C’est là que le contexte patriarcal devient central. Non comme insulte, mais comme structure. Un monde où la domination masculine est tellement intégrée qu’elle n’a plus besoin d’être justifiée. Elle devient décor.
Le génie sans critique n’est qu’un mythe confortable
Comparer ce travail de contextualisation à ce qu’on fait avec Lovecraft ou Céline n’est pas excessif. On peut reconnaître une importance historique, une influence esthétique, tout en disant clairement : ce socle idéologique pose problème.
Refuser ce travail, c’est préférer la légende au réel. C’est protéger une nostalgie masculine qui s’auto-proclame universelle. C’est refuser d’entendre que ce rire-là ne faisait pas rire tout le monde.
Le féminisme ne demande pas d’effacer Édika. Il demande de cesser de l’extraire de son bain culturel. De dire que ce « grand nom » s’inscrit dans une tradition majoritairement masculine, dominée par un regard patriarcal, et que cette tradition a produit des œuvres peut-être brillantes, certes, mais avec des angles morts massifs.

Rire, oui. Mais pas à n’importe quel prix
Une blague grossophobe n’est pas subversive. Une agression sexuelle dessinée comme un gag n’est pas audacieuse. Une femme réduite à un corps disponible n’est pas un symbole de liberté.

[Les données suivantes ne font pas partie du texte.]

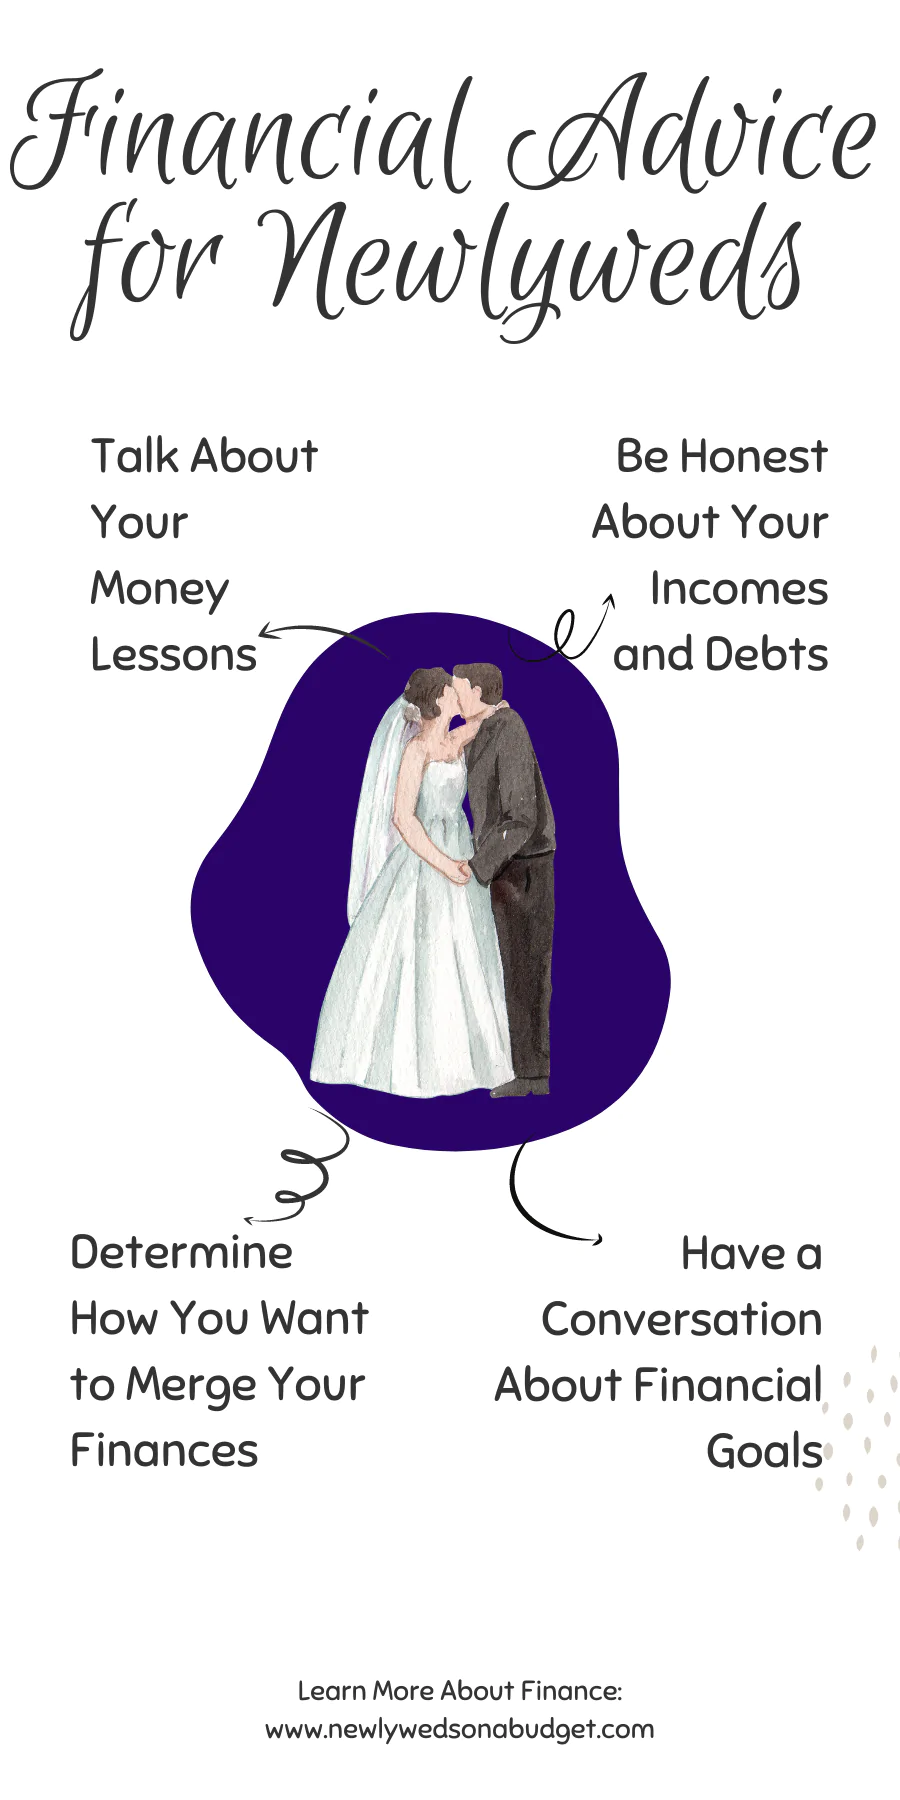 Tips for newlyweds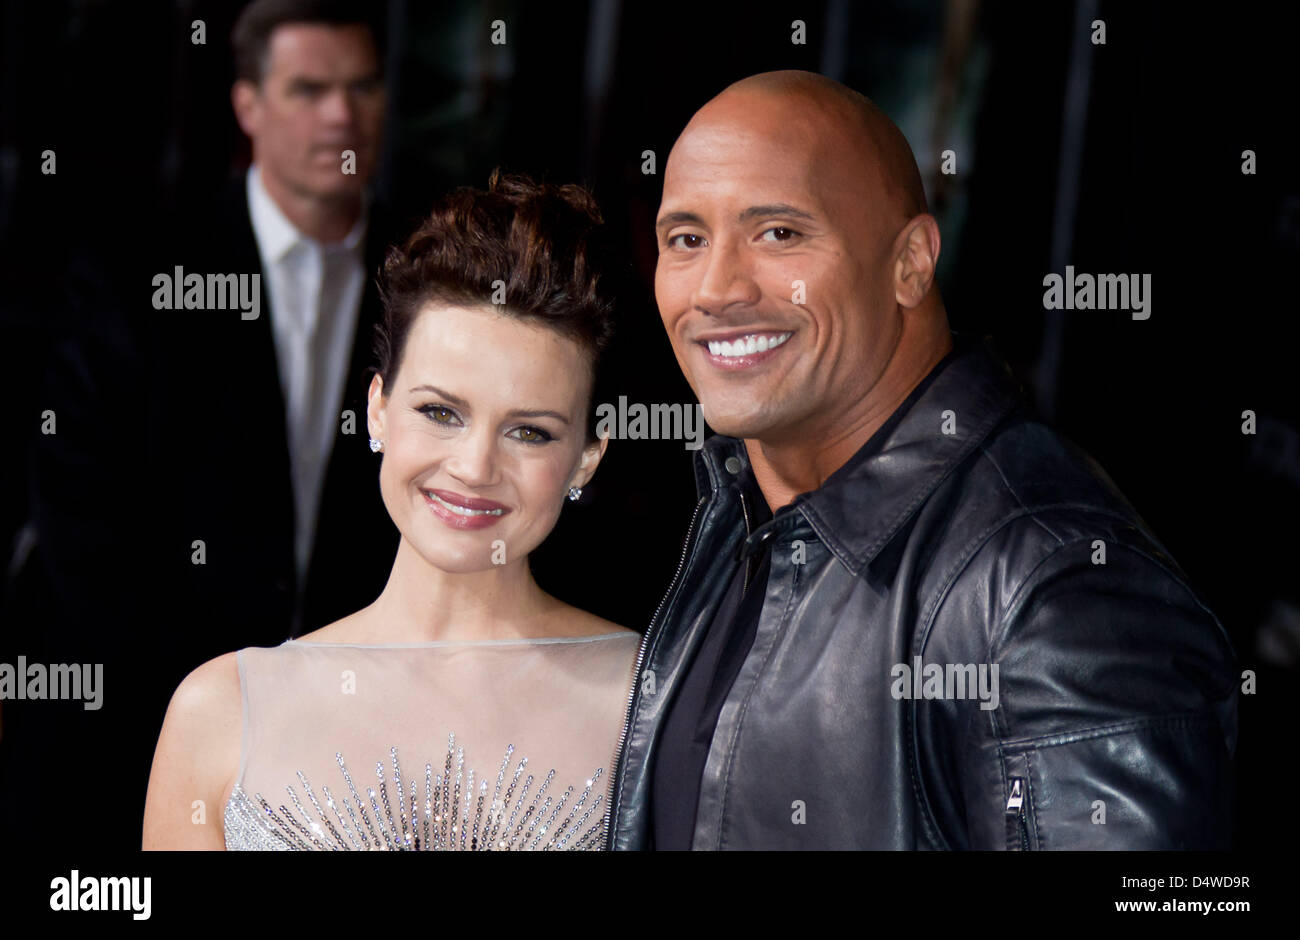 US actress Carla Gugino (L) and US actor  Dwayne 'The Rock' Johnson attend the premiere of the film 'Faster' at Grauman's Chinese Theatre in Los Angeles, USA, 22 November 2010. Photo: Hubert Boesl Stock Photo

Ce qui était considéré comme transgressif dans les années 70-80 ressemblait souvent à une liberté réservée à ceux qui avaient déjà la parole. Les autres ne pouvaient que rire jaune. Ou se taire.
Remettre cela sur la table aujourd’hui, ce n’est pas salir la mémoire. C’est refuser l’héritage sans inventaire. C’est faire enfin ce que les hommages ne font presque jamais : penser.